I’m not sure when I became a pothead. In fact, I’m not quite sure what the definition is. For me, it’s a few hits of the bowl, a few nights a week. It’s my release from daily drudgery, my descent to Zen. It’s my time. Except it isn’t.

There’s something about marijuana that makes me want to lie in the grass and find dragons in the clouds. Or linger in the kitchen, admiring my husband refill the dog bowl. Or curl in bed, reading every story of my daughter’s princess adventure book, nuzzling my nose deep in her mop of curls until she falls asleep.  

Our evenings start the same. Mr. D and I return to our second job of tantrums and cuddles, boo-boos and kisses. It’s an endless, delirious kind of joy, but we’re already exhausted, defeated and drained from the 9-5. Using our stoner code, he asks if I’d like a “banana,” and we smoke the bowl in shifts, almost always before dinner.

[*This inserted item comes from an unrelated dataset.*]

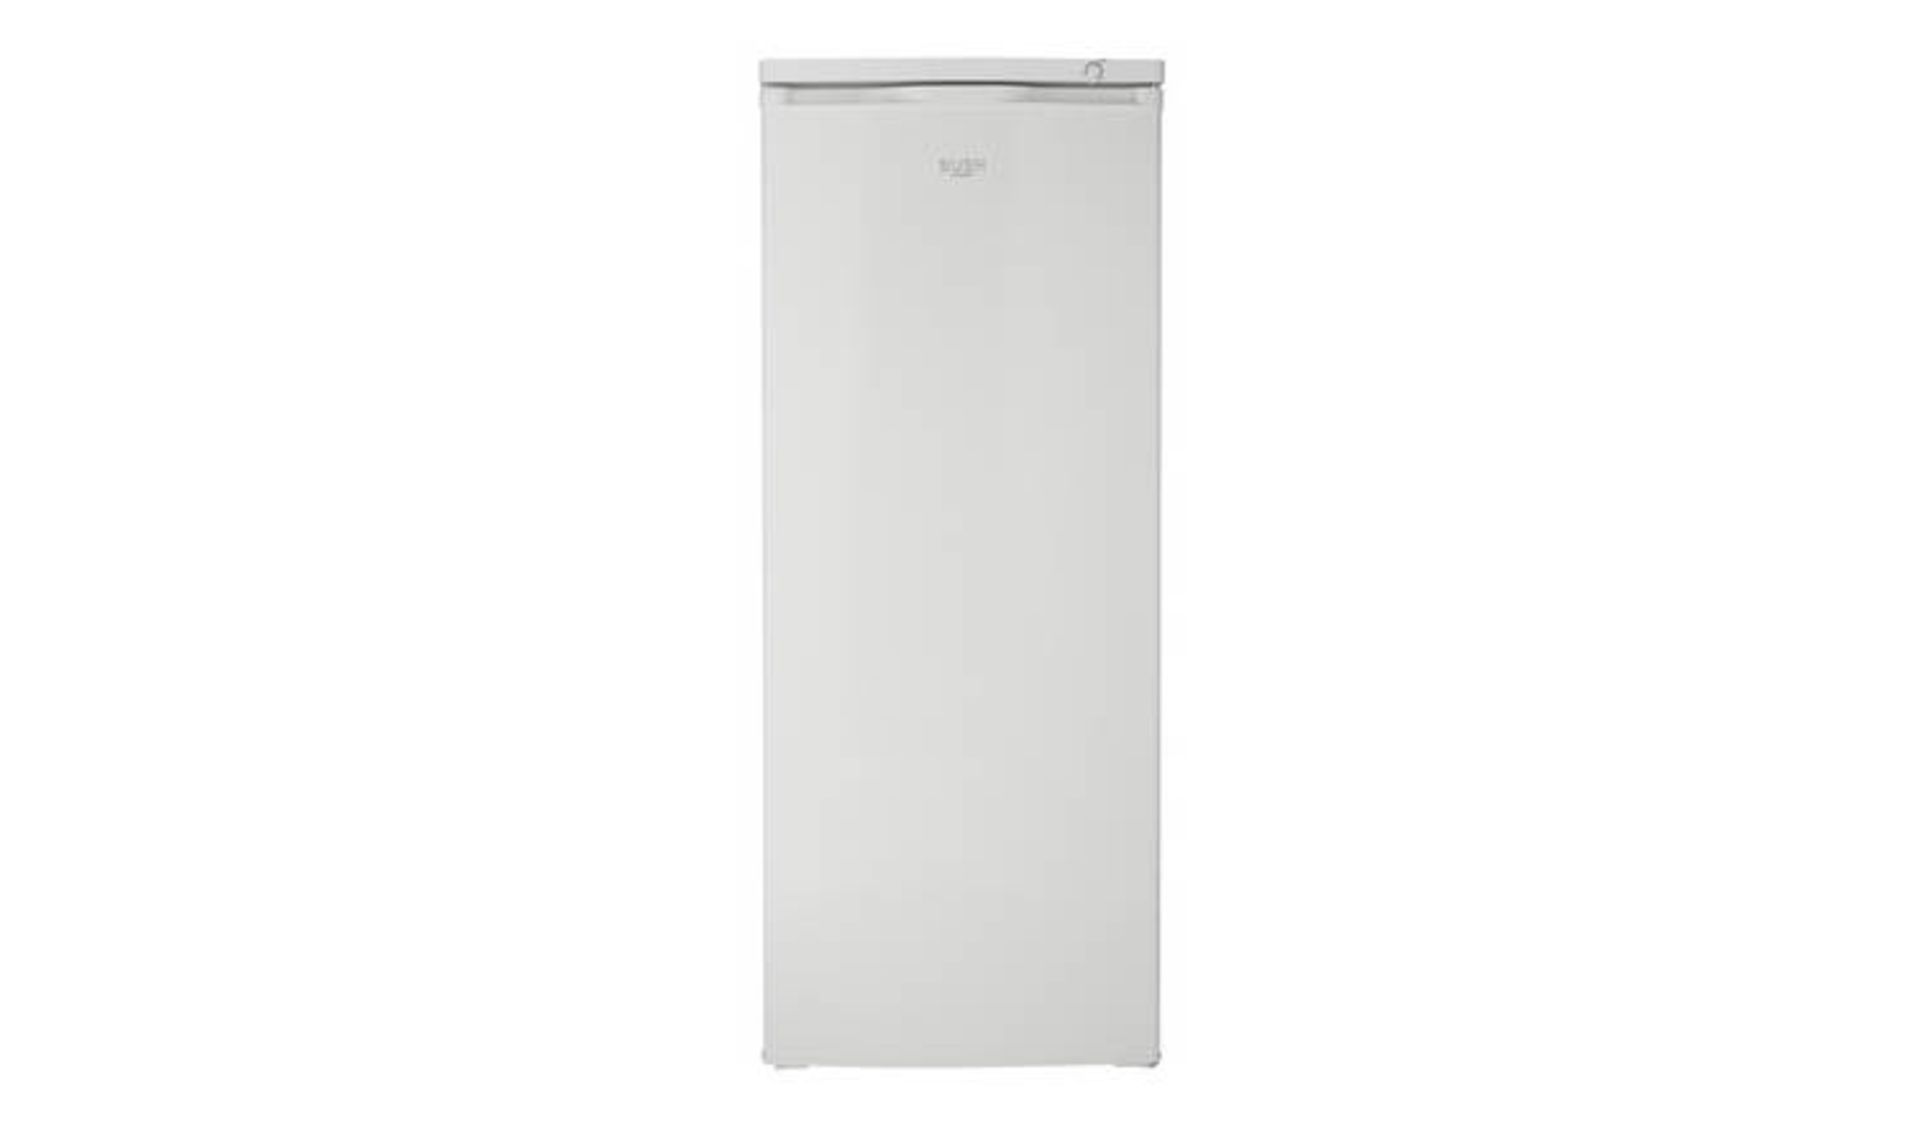 + VAT Grade A Bush M55TFW20 Tall Freezer - 163 Litre Capacity - Six Storage Compartments - A+

The meal is delicious. The conversation sublime. We joke that the two-year-old must be a reincarnated ninja assassin whose only retained skill is gouging the eyes of her enemies, which she deftly employs at 3 am while sleeping horizontally between us. We marvel at the five-year-old’s self-portrait—a stick figure with wild, unruly hair like her mother’s, a pensive smile, and a thought bubble that leads up to the single word on her mind: “mom.”

My heart bursts.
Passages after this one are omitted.